DIRECTIONS FOR THIS TASK
In the material below, find the span from the line with "Obrázek produktu Vzduchový" to the line with "Средний чемодан из" and transcribe only those lines, exactly, ends included, without the pictures.
------ EXERCISE DATA
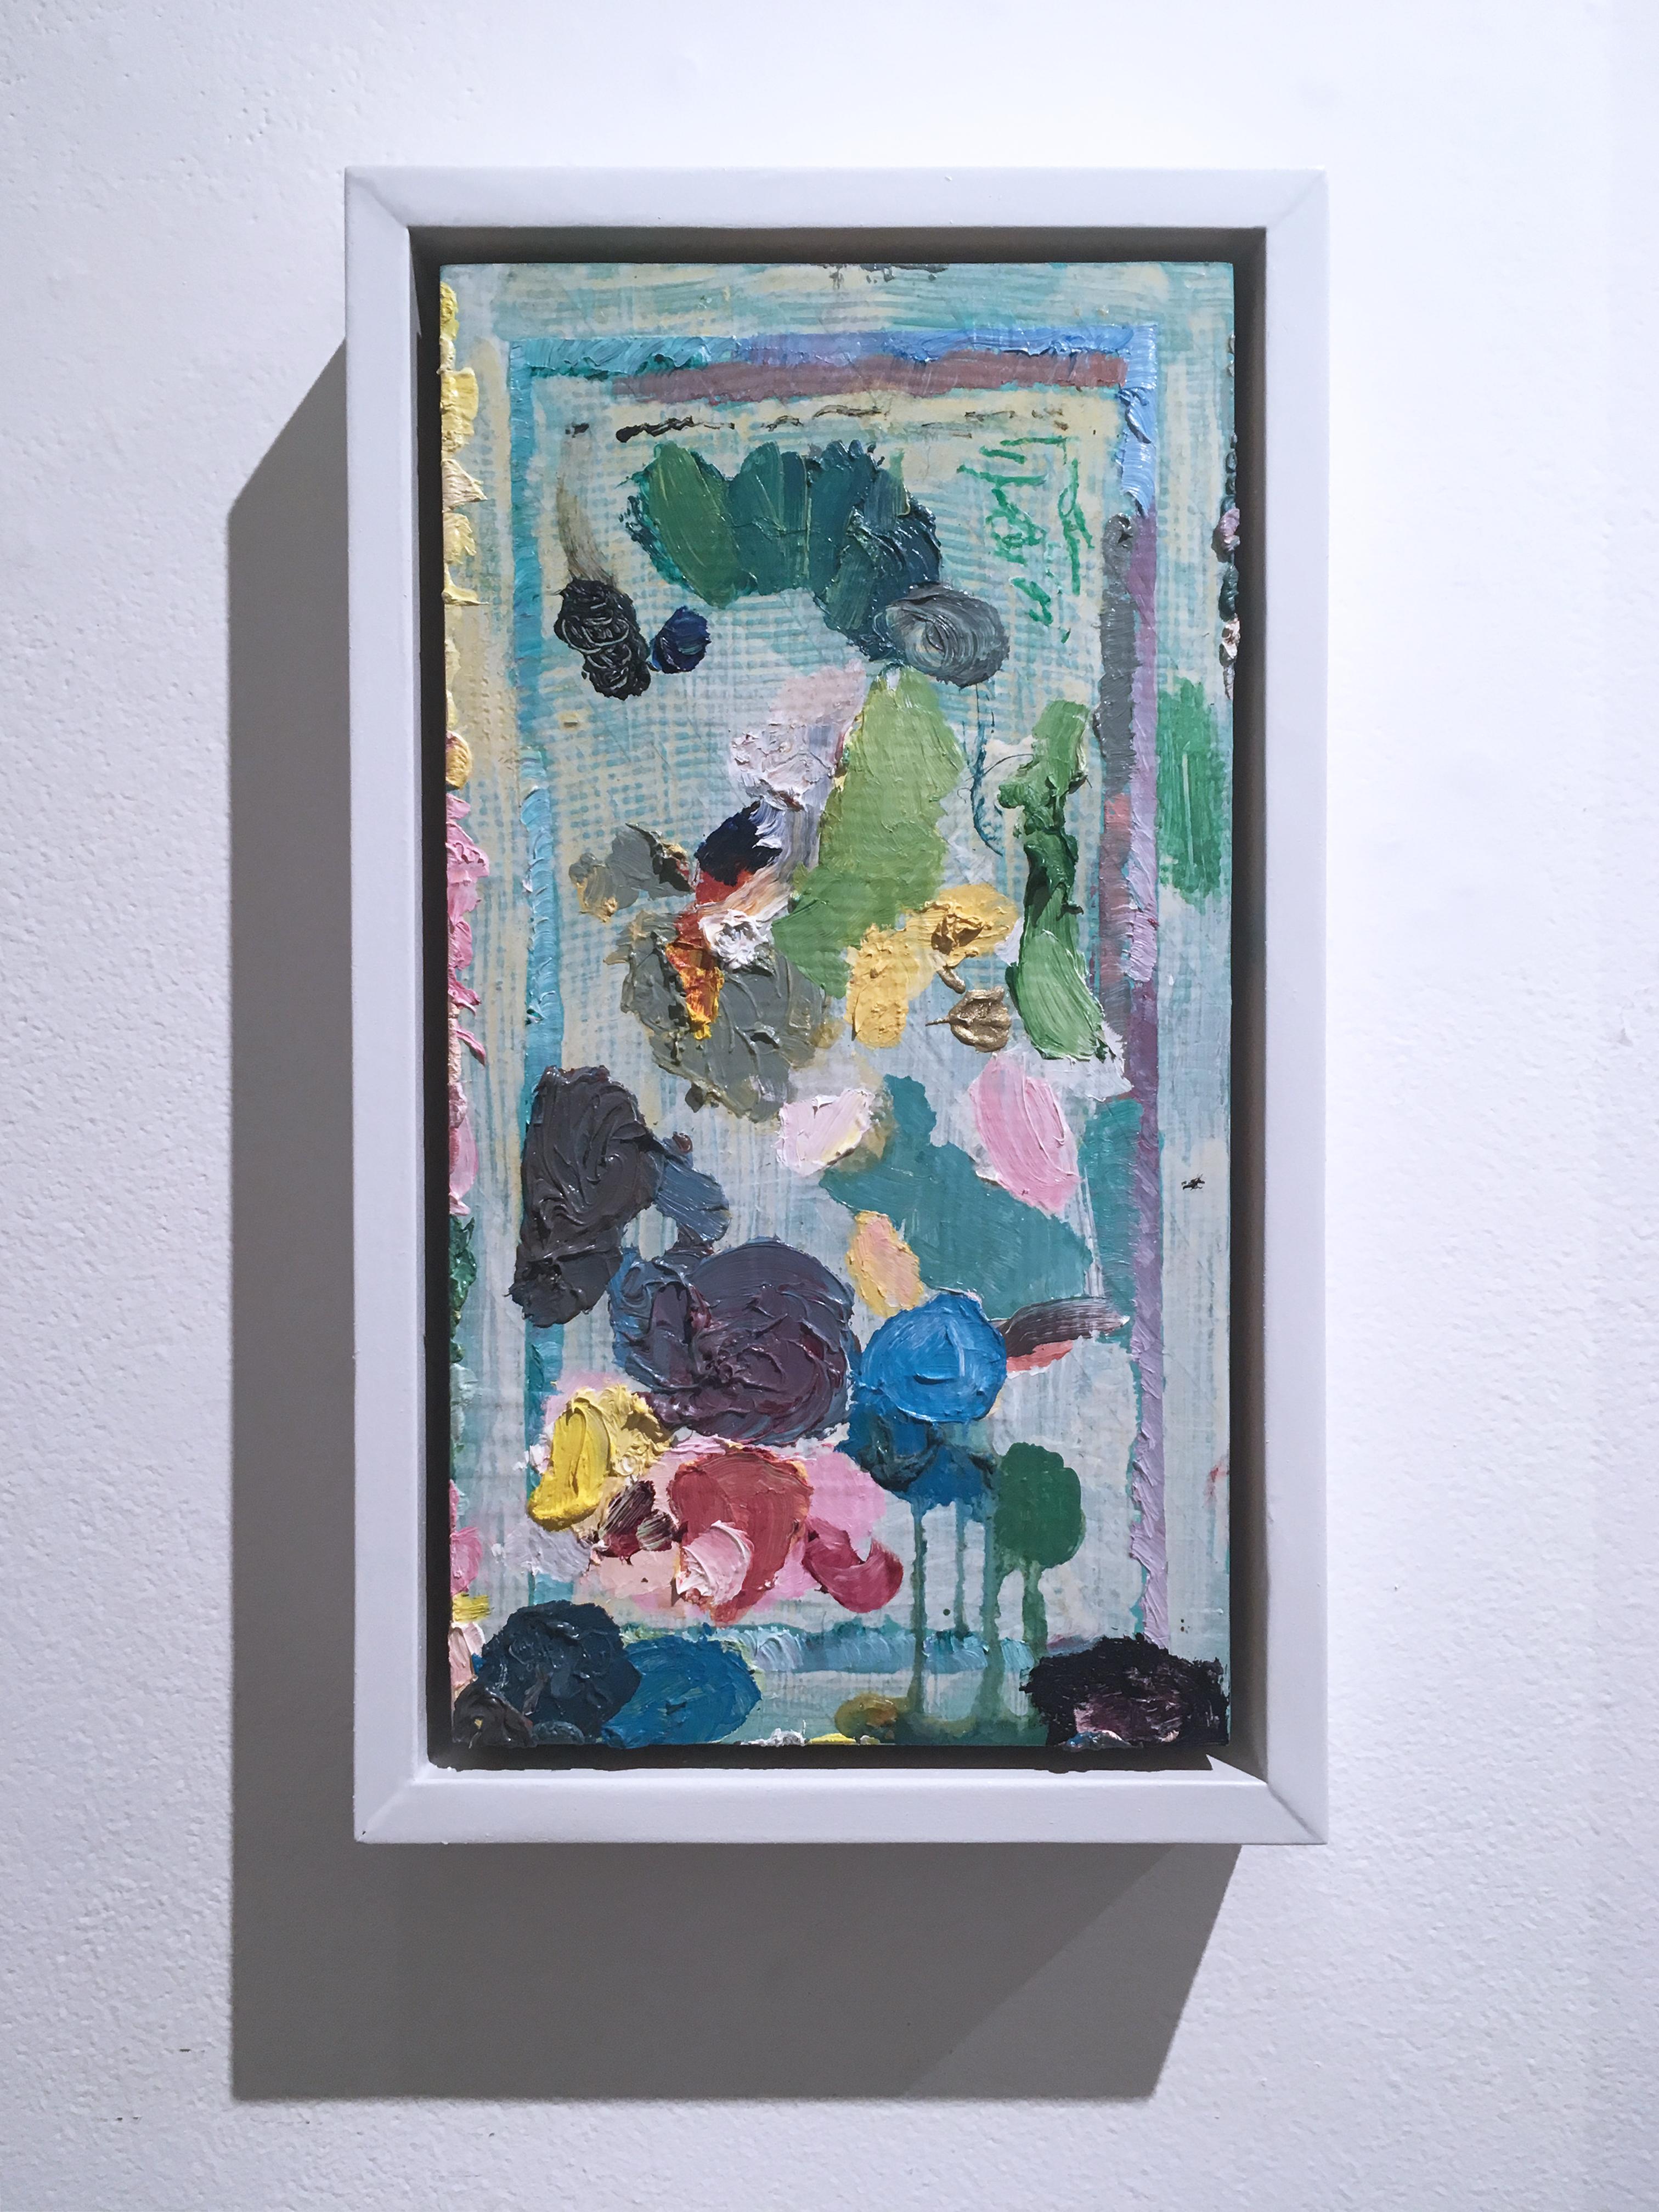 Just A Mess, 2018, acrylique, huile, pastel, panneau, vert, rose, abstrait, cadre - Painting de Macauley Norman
------------
------ EXERCISE DATA
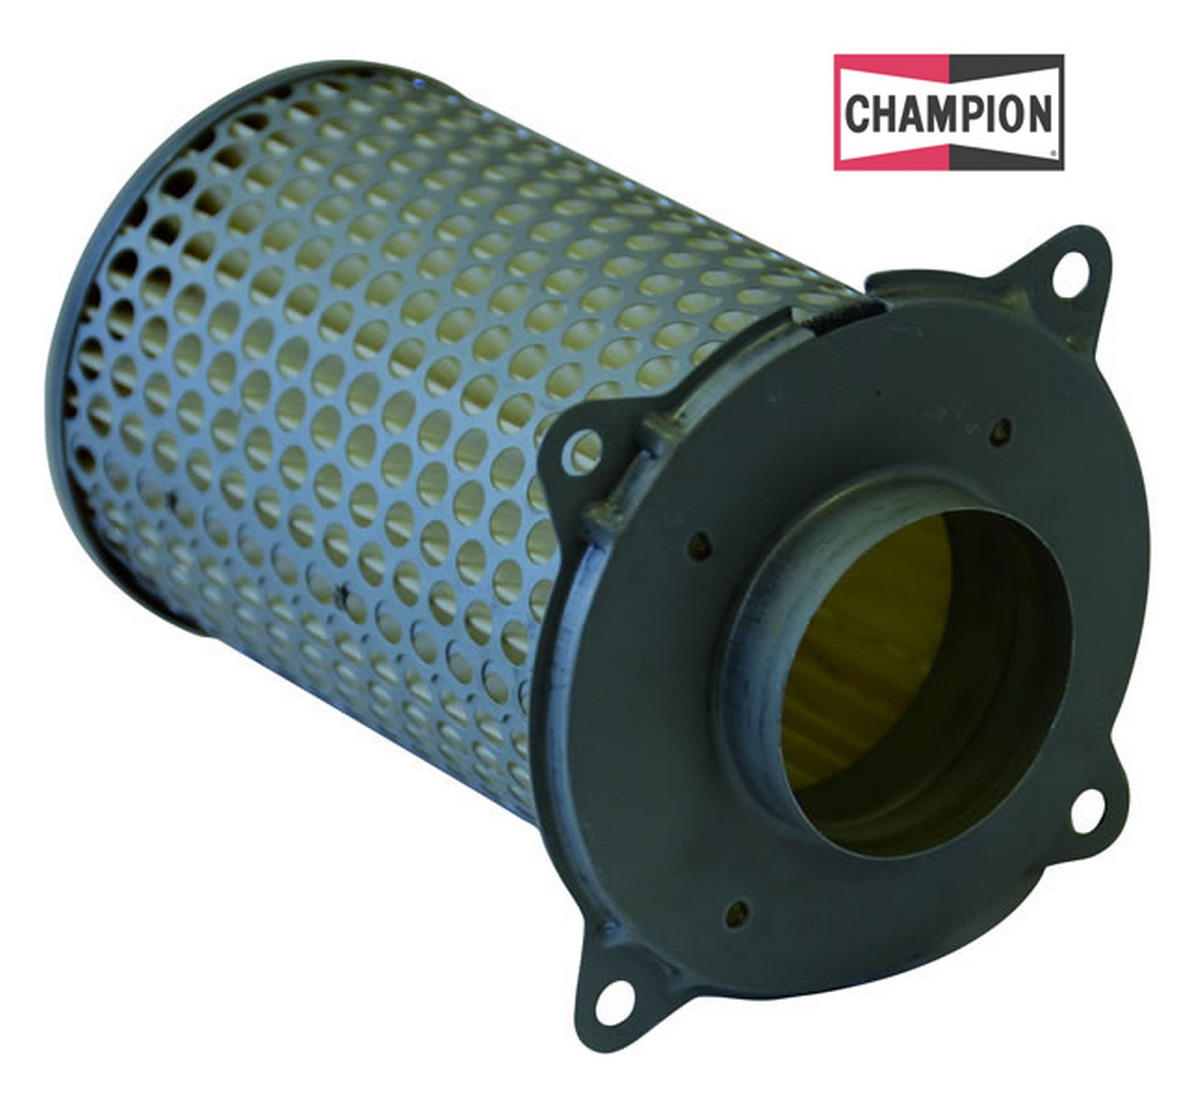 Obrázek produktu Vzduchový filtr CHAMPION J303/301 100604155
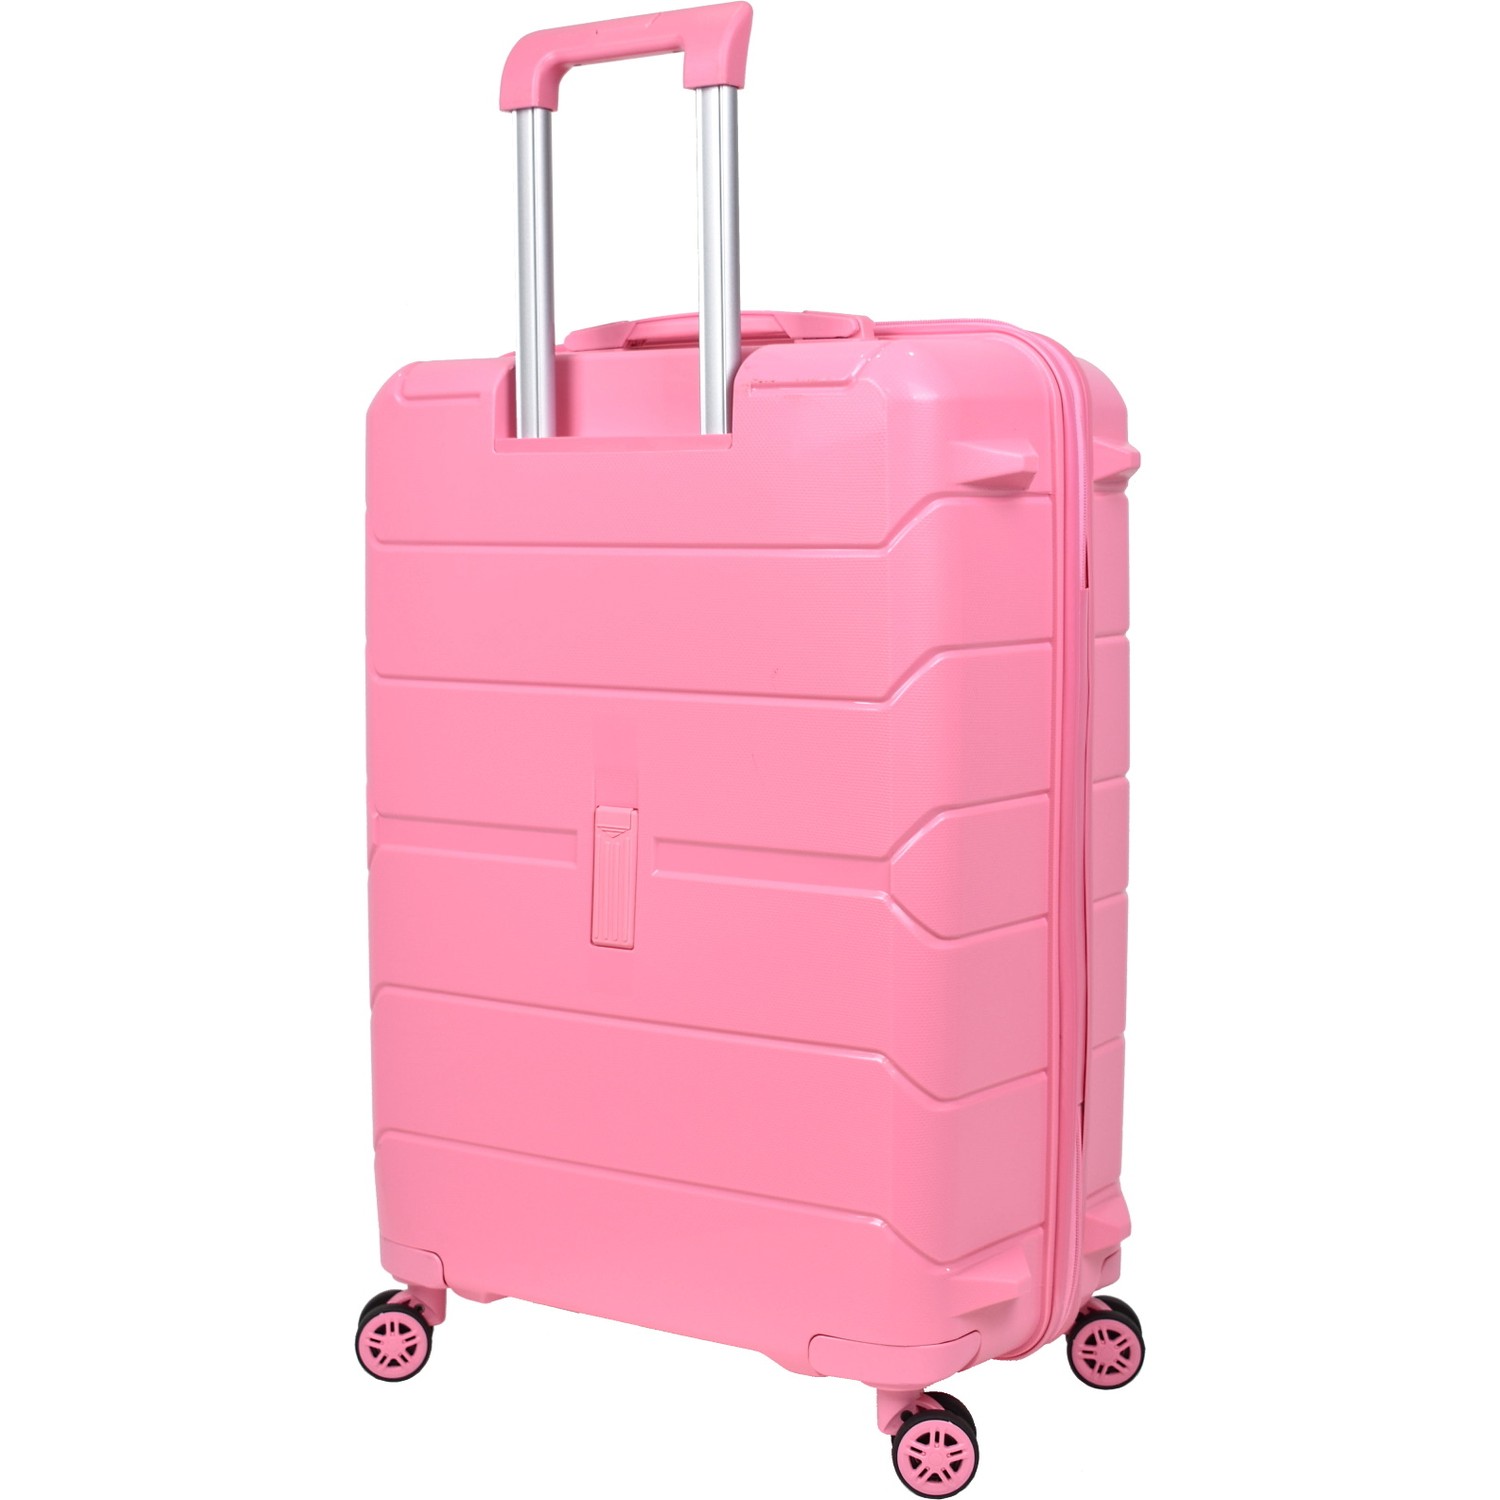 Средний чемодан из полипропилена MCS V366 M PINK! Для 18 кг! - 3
------------
------ EXERCISE DATA
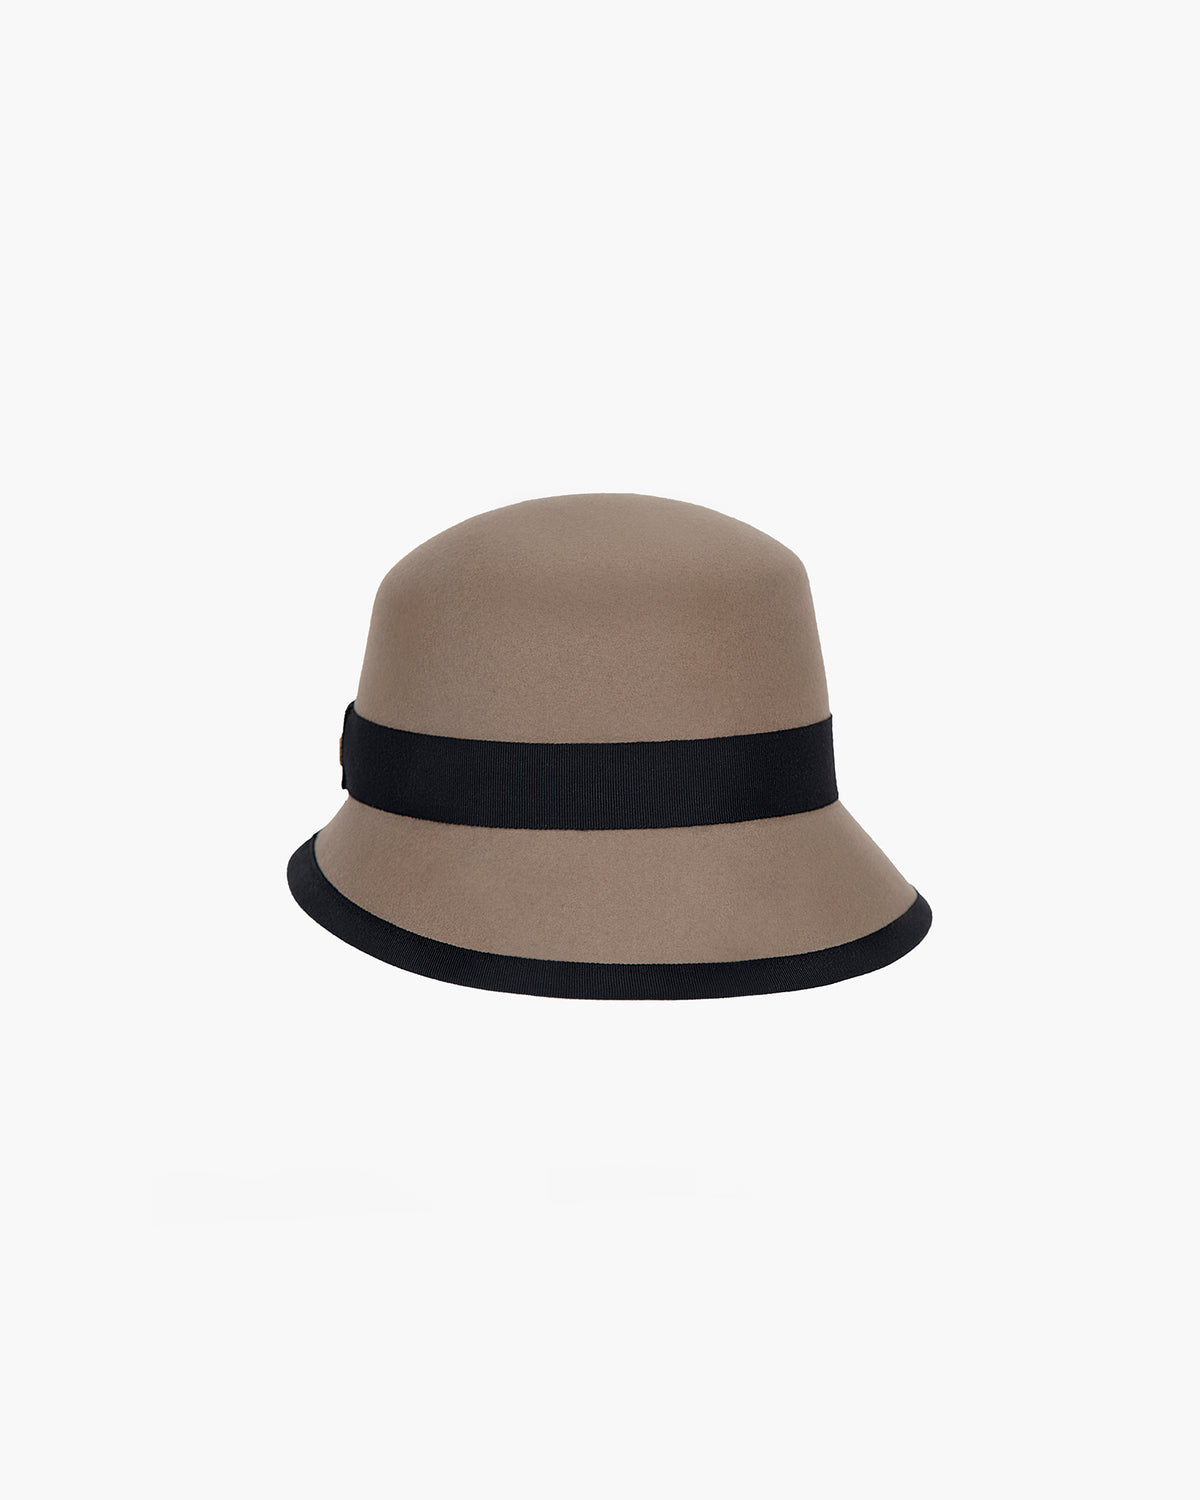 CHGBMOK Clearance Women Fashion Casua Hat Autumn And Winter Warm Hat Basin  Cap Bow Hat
------------
WRITTEN RESPONSE
 Obrázek produktu Vzduchový filtr CHAMPION J303/301 100604155
 Средний чемодан из полипропилена MCS V366 M PINK! Для 18 кг! - 3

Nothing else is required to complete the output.